Но особенно крепко захватил и потянул меня к себе нахлебник Хорошее Дело. Он снимал в задней половине дома комнату рядом с кухней, длинную, в два окна – в сад и на двор.

Это был худощавый, сутулый человек, с белым лицом в черной раздвоенной бородке, с добрыми глазами, в очках. Был он молчалив, незаметен и, когда его приглашали обедать, чай пить, неизменно отвечал:

– Хорошее дело.

Бабушка так и стала звать его в глаза и за глаза.

– Лёнька, кричи Хорошее Дело чай пить! Вы, Хорошее Дело, что мало кушаете?

Вся комната его была заставлена и завалена какими-то ящиками, толстыми книгами незнакомой мне гражданской печати; всюду стояли бутылки с разноцветными жидкостями, куски меди и железа, прутья свинца. С утра до вечера он, в рыжей кожаной куртке, в серых клетчатых штанах, весь измазанный какими-то красками, неприятно пахучий, встрепанный и неловкий, плавил свинец, паял какие-то медные штучки, что-то взвешивал на маленьких весах, мычал, обжигал пальцы и торопливо дул на них, подходил, спотыкаясь, к чертежам на стене и, протерев очки, нюхал чертежи, почти касаясь бумаги тонким и прямым, странно белым носом. А иногда вдруг останавливался среди комнаты или у окна и долго стоял, закрыв глаза, подняв лицо, остолбеневший, безмолвный.

Я влезал на крышу сарая и через двор наблюдал за ним в открытое окно, видел синий огонь спиртовой лампы на столе, темную фигуру; видел, как он пишет что-то в растрепанной тетради, очки его блестят холодно и синевато, как льдины; колдовская работа этого человека часами держала меня на крыше, мучительно разжигая любопытство.

Иногда он, стоя в окне, как в раме, спрятав руки за спину, смотрел прямо на крышу, но меня как будто не видел, и это очень обижало. Вдруг отскакивал к столу и, согнувшись вдвое, рылся на нем.

Я думаю, что я боялся бы его, будь он богаче, лучше одет, но он был беден: над воротником его куртки торчал измятый, грязный ворот рубахи, штаны – в пятнах и заплатах, на босых ногах – стоптанные туфли. Бедные – не страшны, не опасны, в этом меня незаметно убедило жалостное отношение к ним бабушки и презрительное – со стороны деда.

Никто в доме не любил Хорошее Дело; все говорили о нем посмеиваясь; веселая жена военного звала его «меловой нос», дядя Петр – аптекарем и колдуном, дед – чернокнижником, фармазоном.

– Чего он делает? – спросил я бабушку. Она строго откликнулась:

– Не твое дело; молчи, знай.

Однажды, собравшись с духом, я подошел к его окну и спросил, едва скрывая волнение:

– Ты чего делаешь?

Он вздрогнул, долго смотрел на меня поверх очков и, протянув мне руку в язвах и шрамах ожогов, сказал:

– Влезай.

То, что он предложил войти к нему не через дверь, а через окно, еще более подняло его в моих глазах. Он сел на ящик, поставил меня перед собой, отодвинул, придвинул снова и наконец спросил негромко:

– Ты откуда?

Это было странно: я четыре раза в день сидел в кухне за столом около него! Я ответил:

– Здешний внук.

– Ага, да, – сказал он, осматривая свой палец, и замолчал.

Тогда я счел нужным пояснить ему:

– Я не Каширин, а Пешков.

– Пешков? – неверно повторил он. – Хорошее дело.
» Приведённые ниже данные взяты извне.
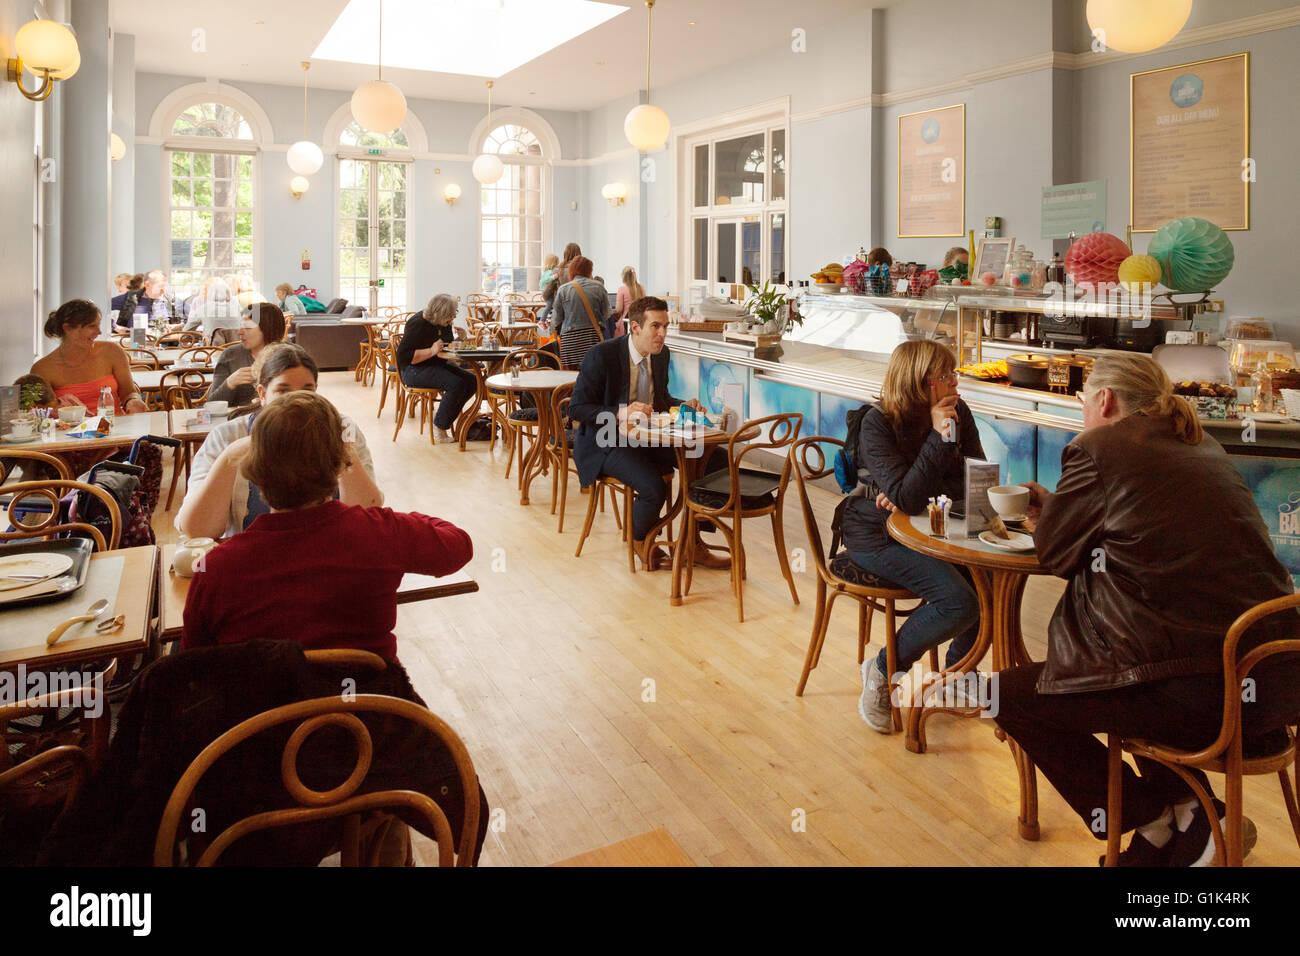 The Pump Room tea room cafe, Pump Rooms, Royal Leamington Spa, Warwickshire UK - Stock Image
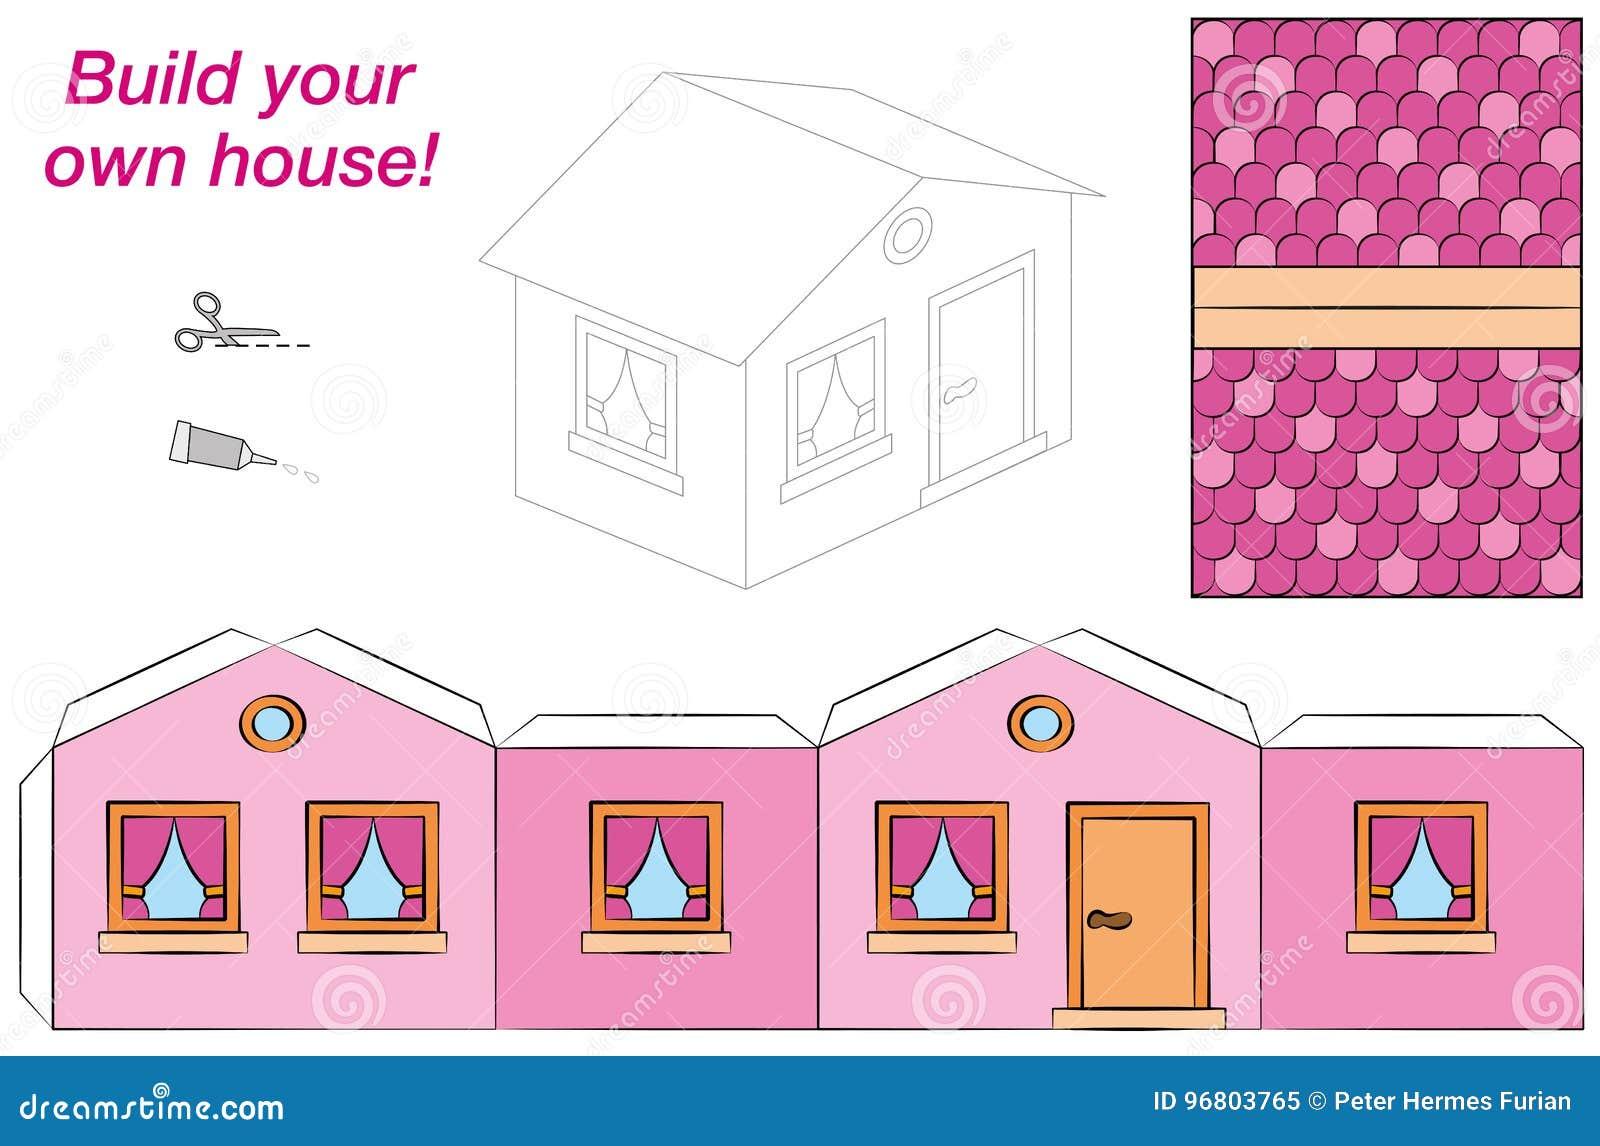 Haus Schablonen Papier Modell Pink Vektor Abbildung Illustration

Отодвинул меня в сторону, поднялся и, уходя к столу, сказал:

– Ну, сиди смирно.

Я сидел долго-долго, наблюдая, как он скоблит рашпилем кусок меди, зажатый в тиски; на картон под тисками падают золотые крупинки опилок. Вот он собрал их в горсть, высыпал в толстую чашку, прибавил к ним из баночки пыли, белой, как соль, облил чем-то из темной бутылки, – в чашке зашипело, задымилось, едкий запах бросился в нос мне, я закашлялся, замотал головою, а он, колдун, хвастливо спросил:

– Скверно пахнет?

– Да!

– То-то же! Это, брат, весьма хорошо!

«Чем хвастается!» – подумалось мне, и я строго сказал:

– Если скверно, так уж не хорошо.

– Ну? – воскликнул он, подмигивая. – Это, брат, не всегда, однако! А ты в бабки играешь?

– В козны?

– В козны, да?

– Играю.

– Хочешь, налиток сделаю? Хорошая битка будет!

– Хочу.

– Неси давай бабку.

Он снова подошел ко мне, держа дымящуюся чашку в руке, заглядывая в нее одним глазом, подошел и сказал:

– Я тебе налиток сделаю; а ты за это не ходи ко мне. Хорошо?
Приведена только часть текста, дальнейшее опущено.